On March 5, 2022, the Company entered into an Agreement and Plan of Merger (as amended from time to time, the “merger agreement”) by and among Camelot Return Intermediate Holdings LLC, a Delaware limited liability company (“Parent”), Camelot Return Merger Sub, Inc., a Delaware corporation and a wholly owned subsidiary of Parent (“Merger Sub”), and the Company, pursuant to which Merger Sub will merge with and into the Company (which we refer to as the “merger”), with the Company surviving the merger (the “Surviving Corporation”) as a subsidiary of Parent.

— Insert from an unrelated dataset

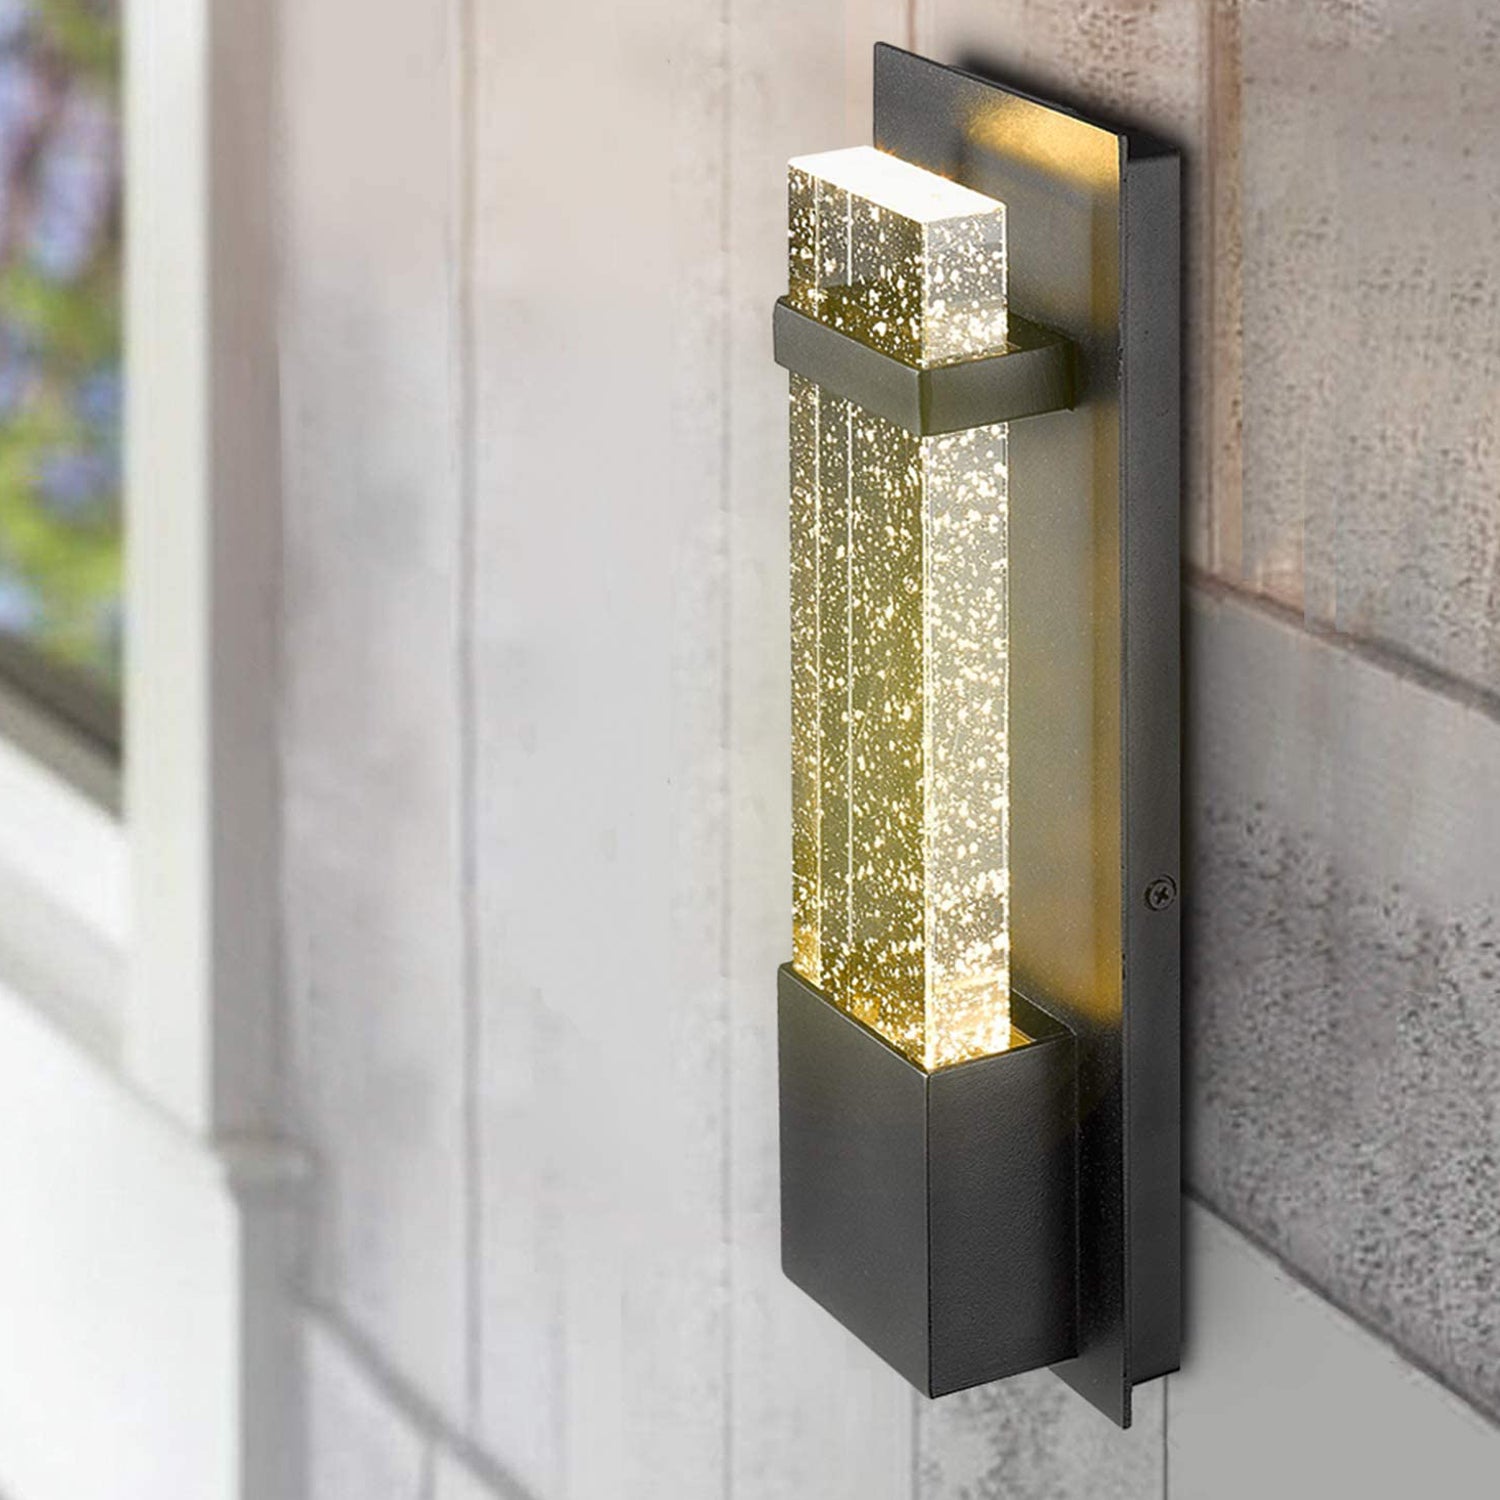 Bubble Glass LED Indoor Outdoor Wall Sconce Light, 12W, Dimmable, 4000K, 600lm, ETL Listed(Wet Location), For Front Door, Doorway, Foyer, Corridor, Balcony, Patio and Porch

Parent and Merger Sub are subsidiaries of investment funds managed by Clayton, Dubilier & Rice, LLC (“CD&R”), which, together with its affiliates, owns approximately 49% of the issued and outstanding shares of Company common stock, par value $0.01 per share (which we refer to as a “share” or, collectively, “shares”).
In connection with the merger agreement, an affiliate of CD&R has provided a limited guarantee (as amended from time to time, the “limited guarantee”) with respect to the payment of a termination fee that may be payable by Parent to the Company under the merger agreement, as well as certain reimbursement obligations that may be owed by Parent pursuant to the merger agreement, in each case, subject to the terms of the merger agreement and the limited guarantee.
At the special meeting, you will be asked to approve the adoption of the merger agreement and the approval of the merger and the other transactions contemplated by the merger agreement.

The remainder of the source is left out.